Have you ever thought about building a fully featured search engine working similar to Google or Bing? Google has emerged as one of the biggest companies on Internet within a very short span of time. All internet entrepreneurs might have amused by seeing the success of Google as a Company. Thinking about the Technology, how google is working so fast and powerful? How does google manage the fault tolerance? Where do google save all these data of billions of web pages? Can you create a search engine like Google? If so how?
Well, thinking about building a search engine like google, you need to know various aspects. First of all building a search engine like google cannot be done overnight. It takes months or even years to crawl and store all the data, and to rank the results, to make it crawl almost the entire web. But usually you should be able to start producing the search results within a couple of week.
Where do you store the data? Where do Google stores the data? Google has a unique NOSQL database called BigTable where they store the entire search data. BigTable works on a distributed system which works on much reliable HDFS system. This file system supports distributed computing to support thousands of notes attached in the network.
What Technology should I use?
You cannot run google on MySQL. Period. Not even in Oracle, if you are looking for a global scale service.

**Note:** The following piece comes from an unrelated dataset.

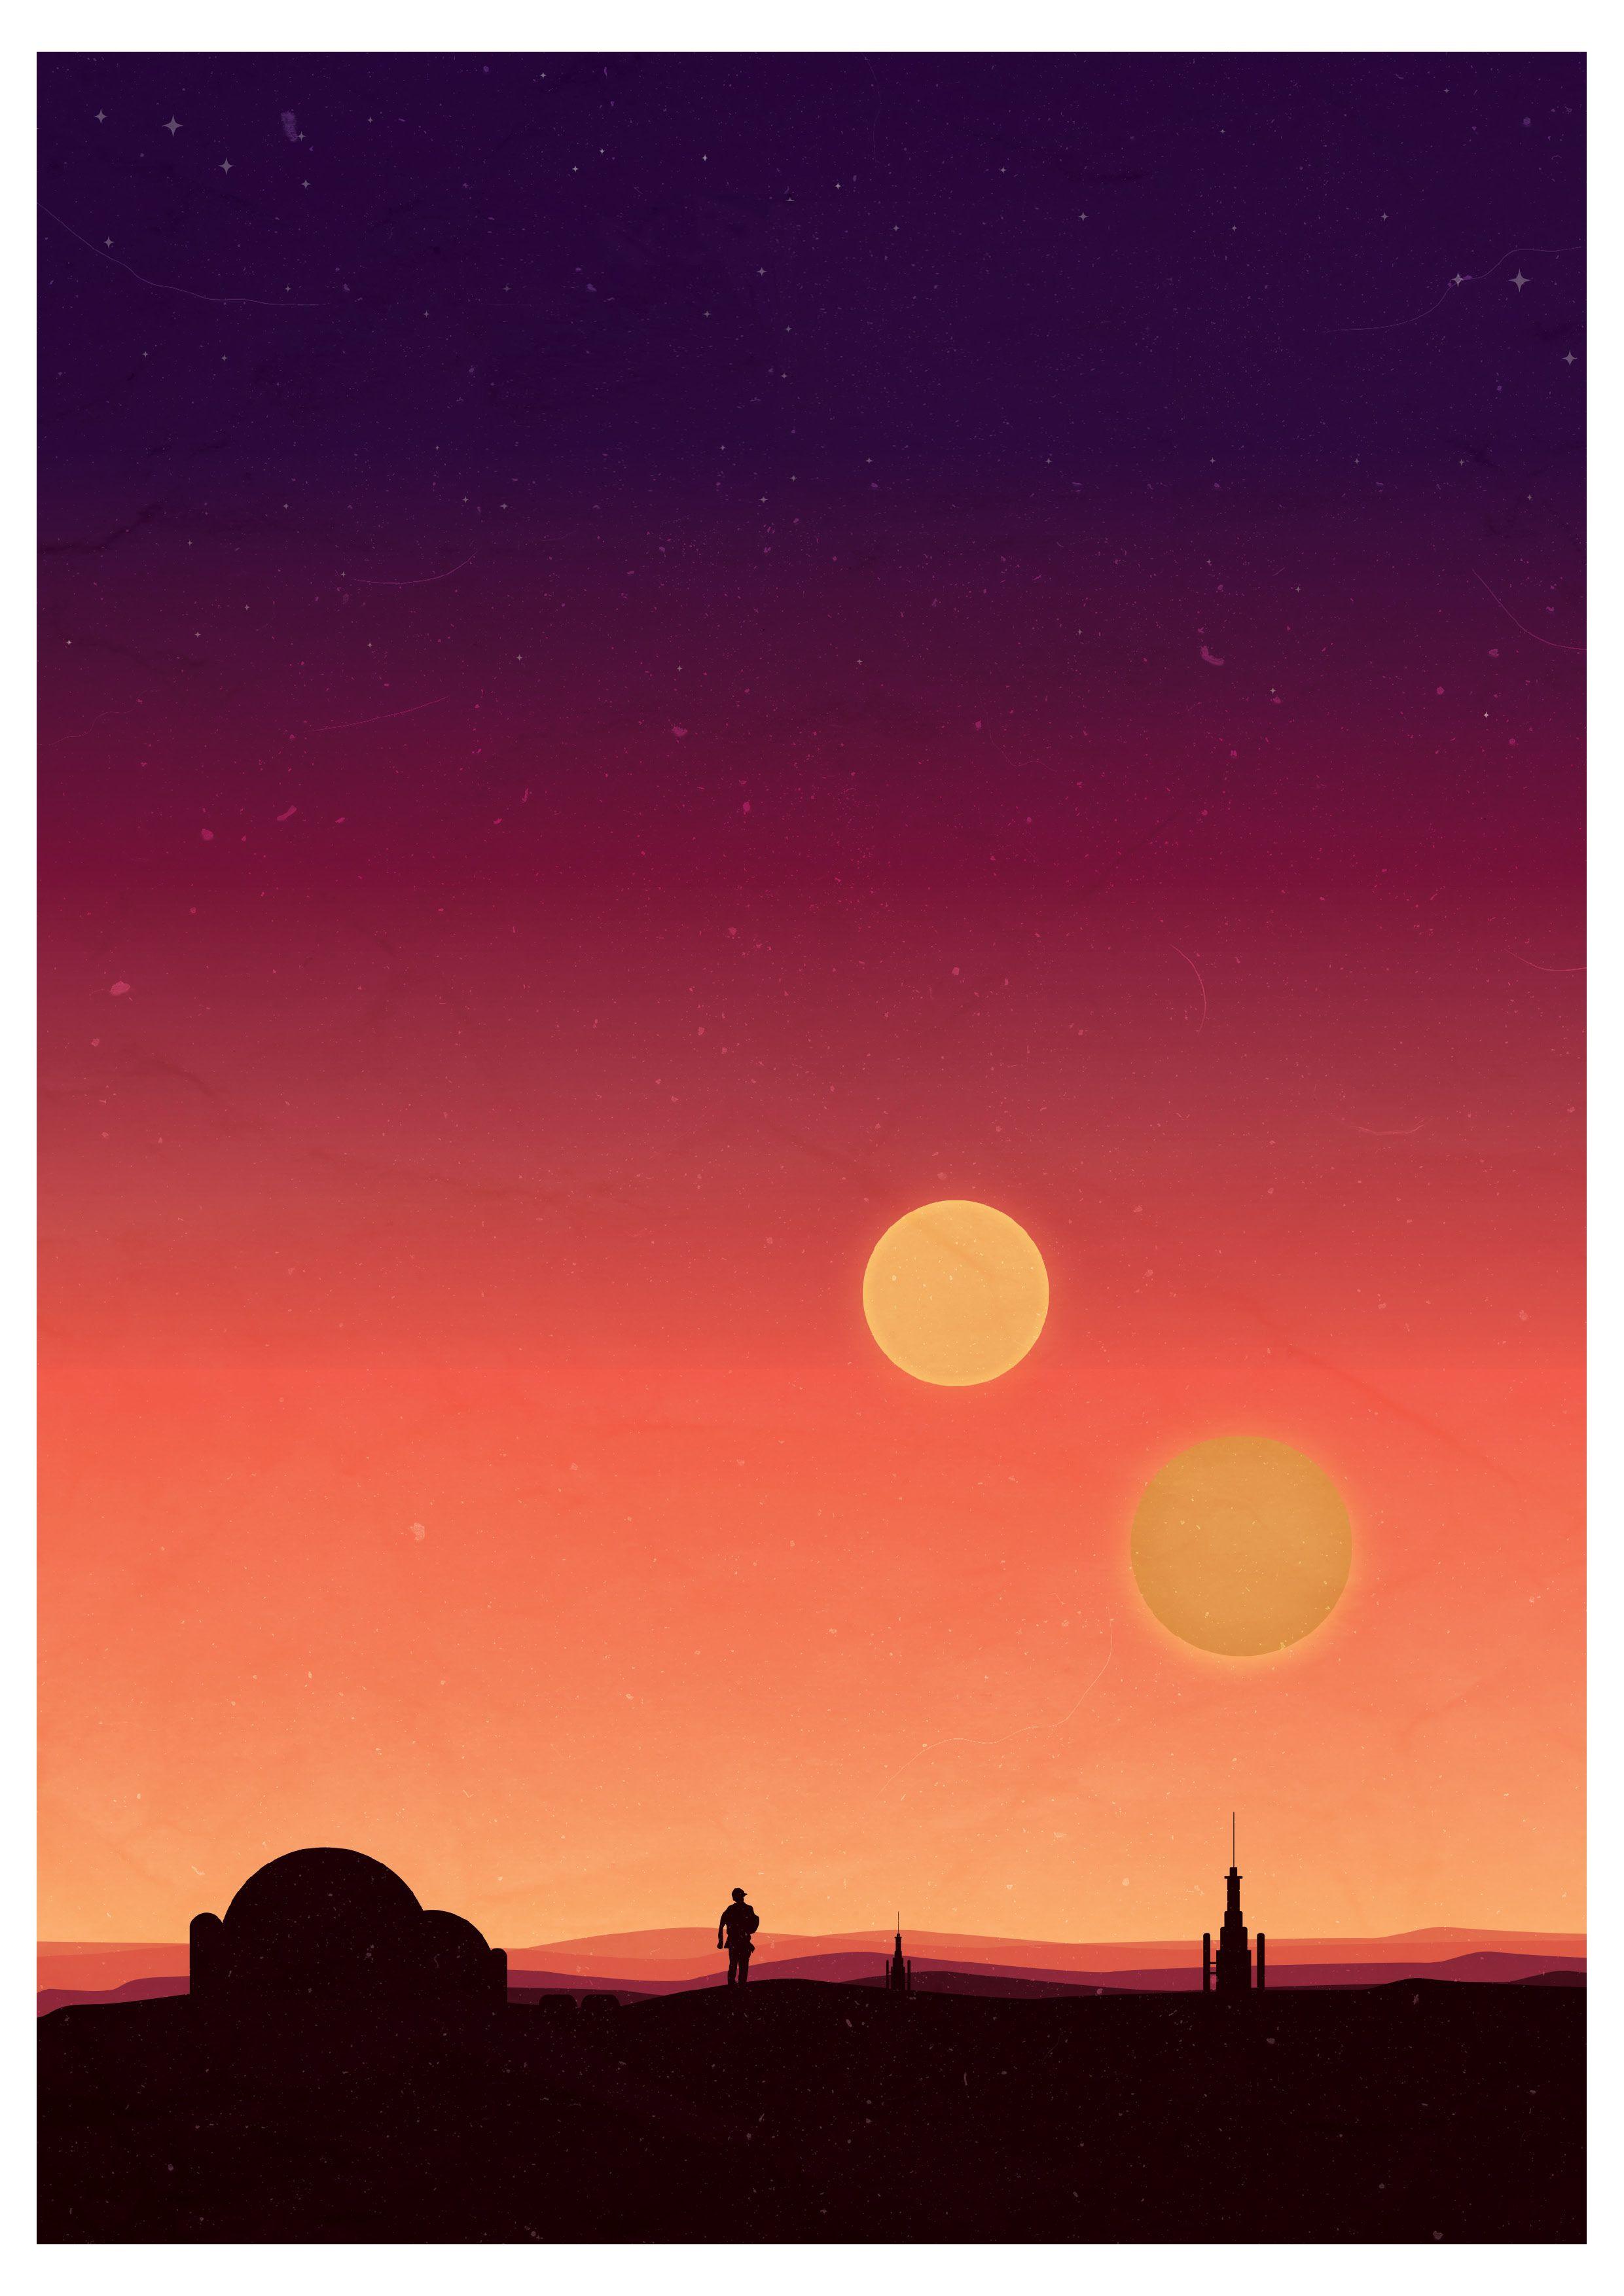 Minimalist Tatooine Wallpapers - Top Free Minimalist ...

You need to have something similar to BigTable which works on a file system like HDFS. But HDFS and BigTable are google specific technologies and are not open source and not available to the public.
Hadoop : Hadoop is a filesystem which works very similar to HDFS, and it is widely regarded as the BEST distributed filesystem available now. Hadoop is open source continuously researched and developed by Apache! Hadoop is the best file system you can use to run a highly scalable, multimachine applications like search engines, analytics etc.Hadoop help you to connects thousands of nodes together to work as a expandable file system.
HBase: Hbase is a database that works on NOSQL (Not Only SQL) system, which can work on top of Hadoop to store petabytes of data. Though it based on Java and regarded as a reliable database. Hadoop is maintained by Apache!
Hypertable: Hypertable is another NOSQL database which works on Hadoop. It works based on C++ and the Hypertable company claims that the performance is much faster the HBase. Hypertable support is also very good and it has more flexibility on queries comparing with HBase.
So for running a Google clone, you shall either use Hadoop + HBase or Hadoop + Hypertable.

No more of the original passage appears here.